Thanks! I had missed that change. (I see the reference is updated to reflect this in Rust 1.45.0, which will be released tomorrow. If only I'd seen this thread one day later, I wouldn't have had to write up that long question!)
And you can rephrase it to be about e.g. &mut bool, to avoid the str/UTF-8 situation. Is it legal to turn that into &mut u8, put a 3 into it, and then put a 0 into it? We do not know yet. My personal stanza is "yes this is allowed", mostly because disallowing it in a precise (Miri-checkable) way is really hard and might incur more complication than this is worth.
I have more questions about what is considered UB. The reference lists things that cause UB, but it doesn't contain the following:
dereferencing unaligned references
the reference says dereferencing an unaligned raw pointer is UB. Does this also apply to references? If not, why?
reading uninitialized memory
the reference says, it is UB producing an integer ( i* / u* ), floating point value ( f* ), or raw pointer obtained from uninitialized memory, or uninitialized memory in a str.
However, I doubt that these are the only types that must be initialized? The reference says that the list is not exhaustive. Is this something that should be added to the list? Or is it one of the things we don't know yet?
I'm still inexperienced with unsafe Rust, just trying to understand things.

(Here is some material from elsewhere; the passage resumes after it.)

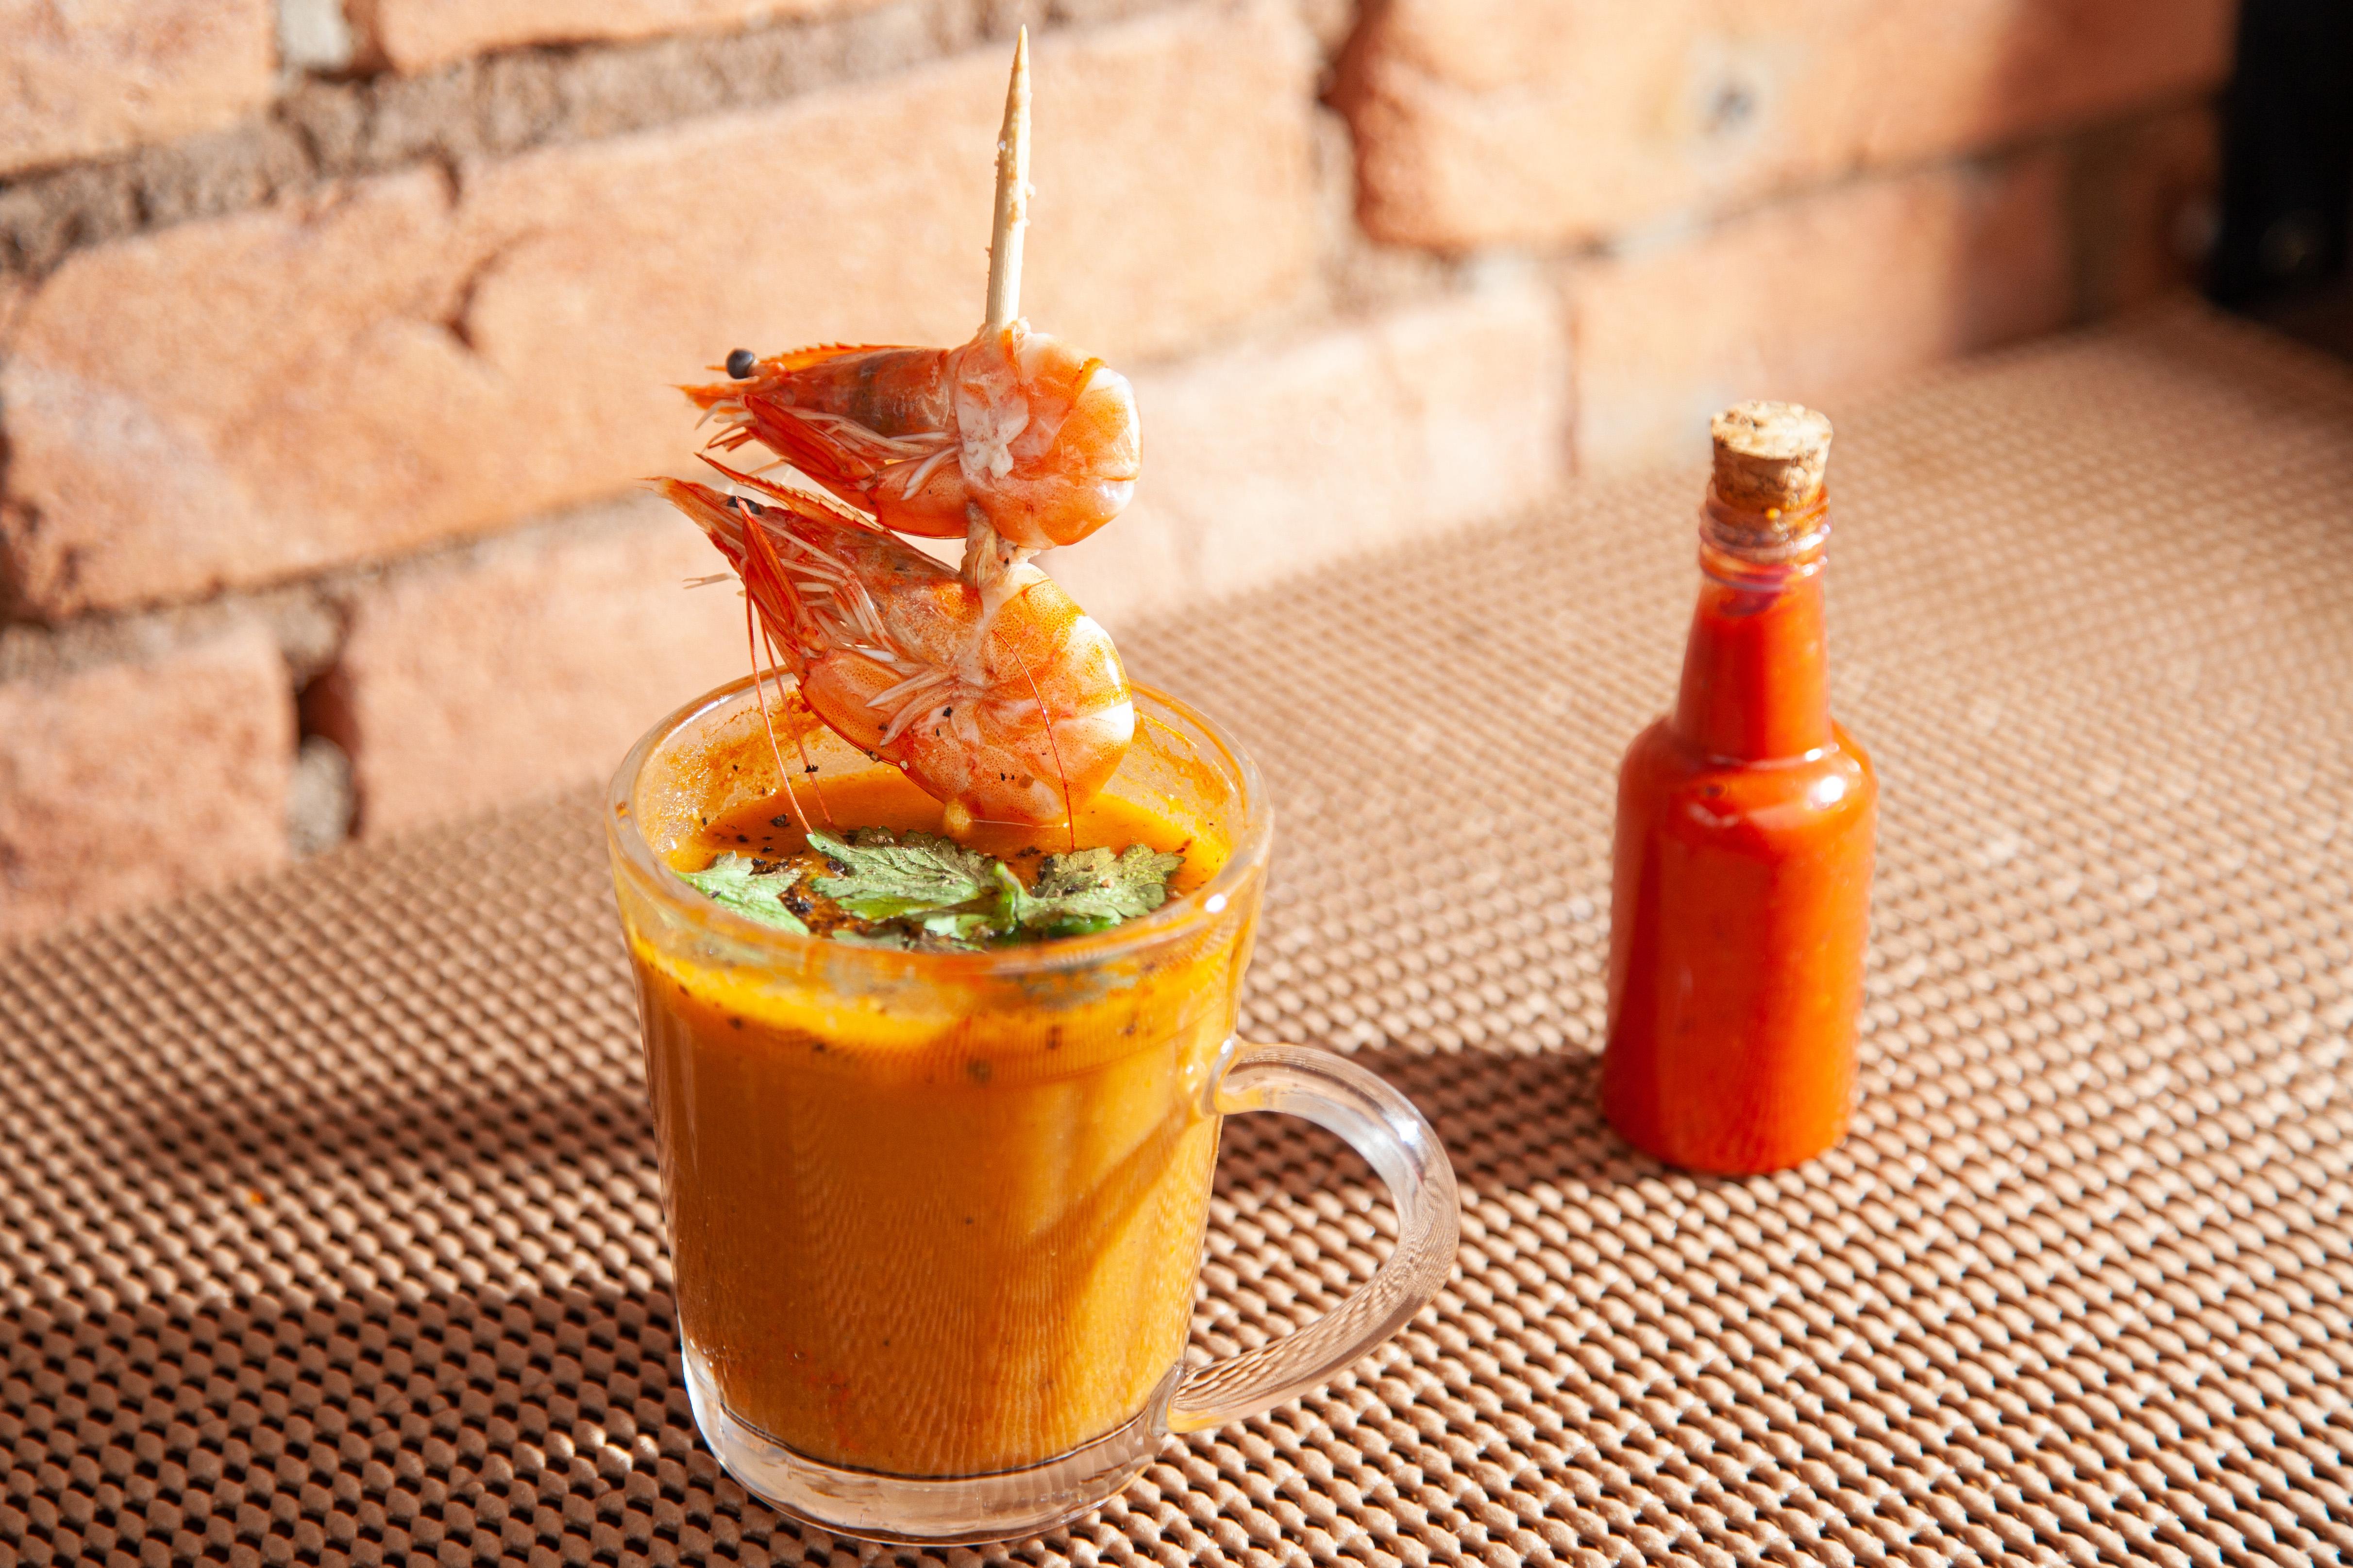 Caldo de camarão servido em pequena xícara de vidro transparente com espeto de camarões por cima ao lado de vidrinho de pimenta.

IIRC an unaligned reference is simply an invalid value and therefore it was UB to produce it in the first place. Which is why you need raw pointers to do any unaligned pointing. And why there's this whole ongoing debate about adding something like a &raw reference syntax so you don't accidentally create a temporary reference and UB yourself as part of creating the raw pointer you actually wanted.
@Ixrec already answered this: it is impossible to cause UB by dereferencing an unaligned or dangling reference, because even constructing that reference is already UB.

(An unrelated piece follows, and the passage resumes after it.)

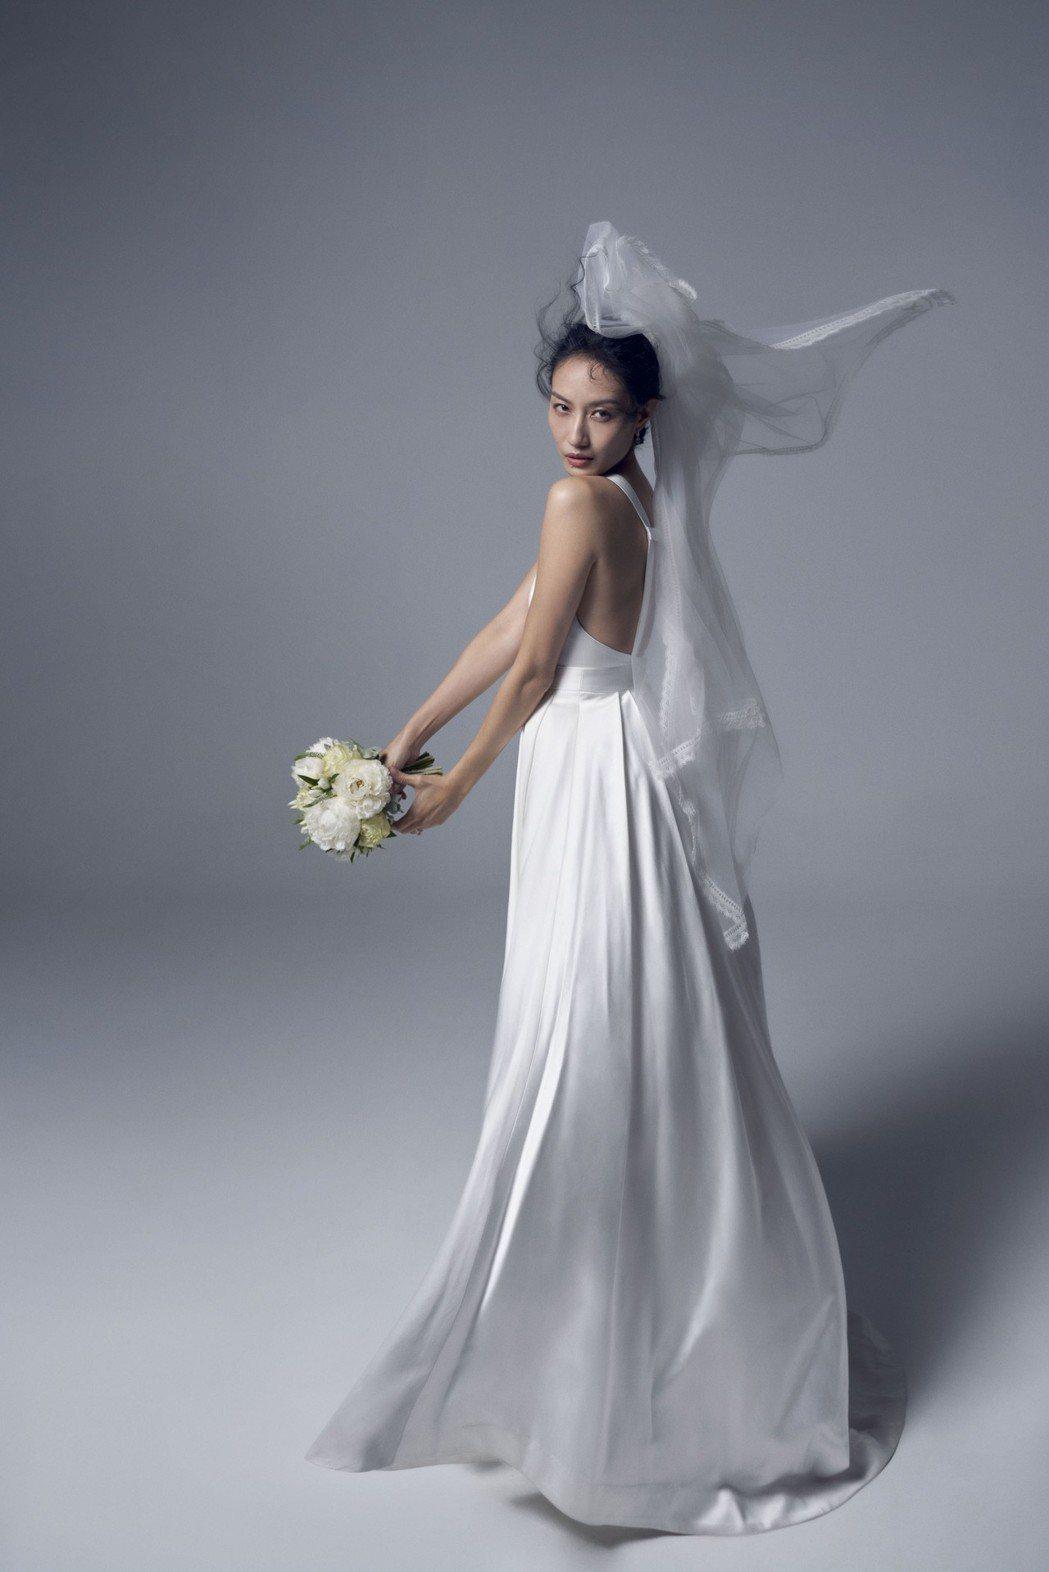 邱馨慧拍攝棚內婚紗照。圖/凱渥提供

This is an interesting one. First of all let me notice that some reads of uninitialized memory are fine. For example:
let uninit_mem = MaybeUninit::<u32>::uninit();
let ptr_to_uninit = &uninit_mem as *const _ as *const MaybeUninit<u8>;
let _val: MaybeUninit<u8> = ptr::read(ptr_to_uninit);
In other words, there is no general principle in Rust that says that reading uninit memory is disallowed. (This is a common confusion and indeed even the reference was wrong here for a long time.)

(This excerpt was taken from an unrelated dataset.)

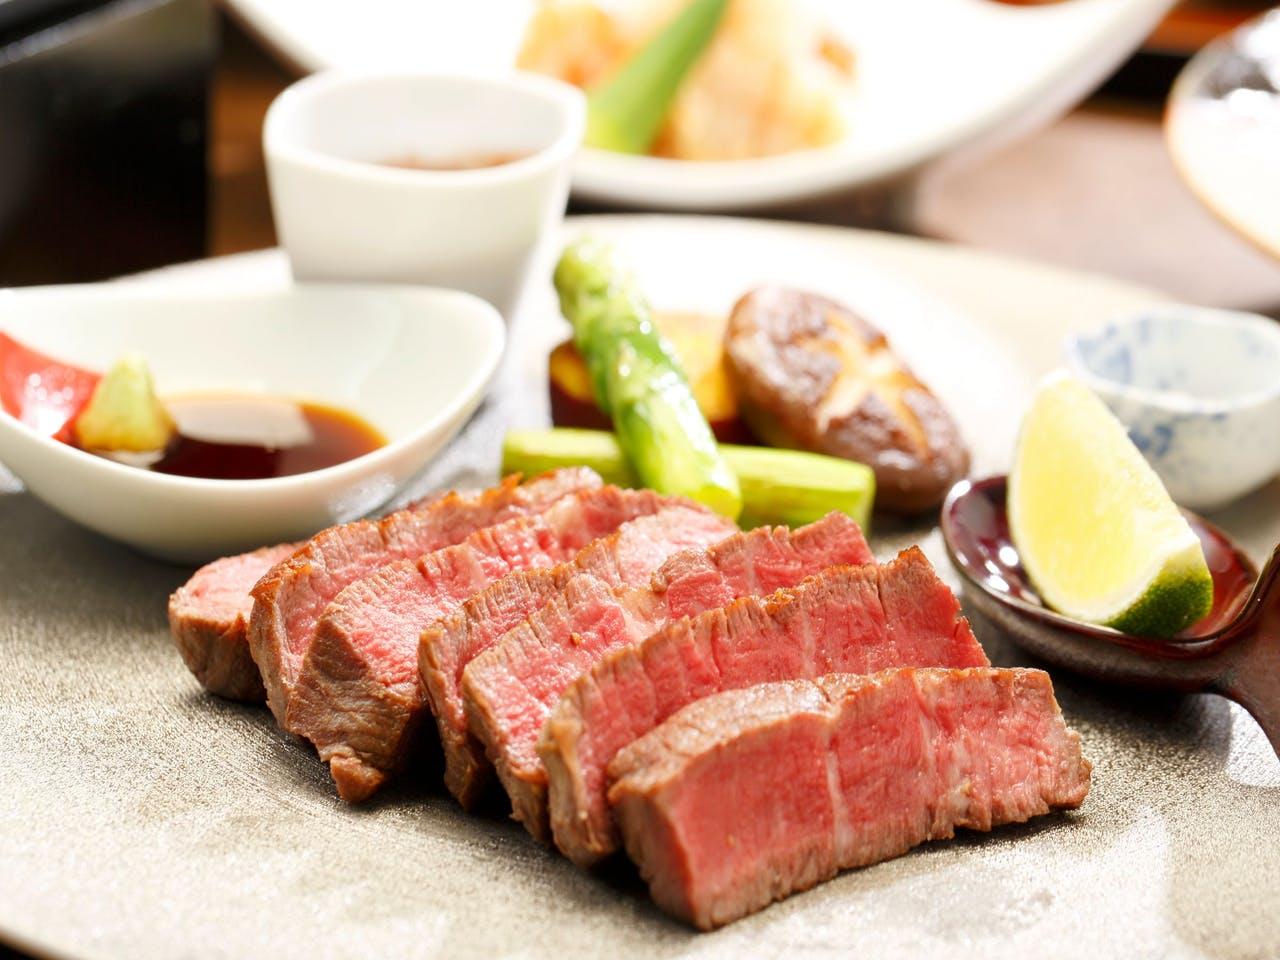 ワインとのペアリングを楽しむ創作日本料理

Whether or not reading uninit memory is allowed depends on the type---this is part of the "though shall not construct invalid values" system. As you noted, for integers and floats we state it explicitly. For bool, char and enum I consider this rule to be implied by saying things like "the tag needs to match an existing variant of the enum"; uniinitialized memory cannot match any tag. Thus these may not be uninitialized either. Structs, arrays and similar types inherit this property from their fields (but the padding between the fields, if any, may indeed be uninitialized). That leaves only unions, and those, too, may be uninitialized under the current rules (but also see this discussion). That's why the above read of an uninitialized MaybeUninit<u8> is allowed.
I find the "literally anything could happen" assertion of UB to be naturally (incorrectly) hand-waved with "but why would it do anything other than the obvious?" without some reasonable counter example.
An incr of 80 is still a reasonable value for an integer though, perhaps a better example would be that the compiler can use the 0/1 value of bool as part of a small jump table, and unconditionally jumping 3 * X instructions forward is probably as UB as it gets. This can even be observed in "dead" code which is speculatively executed.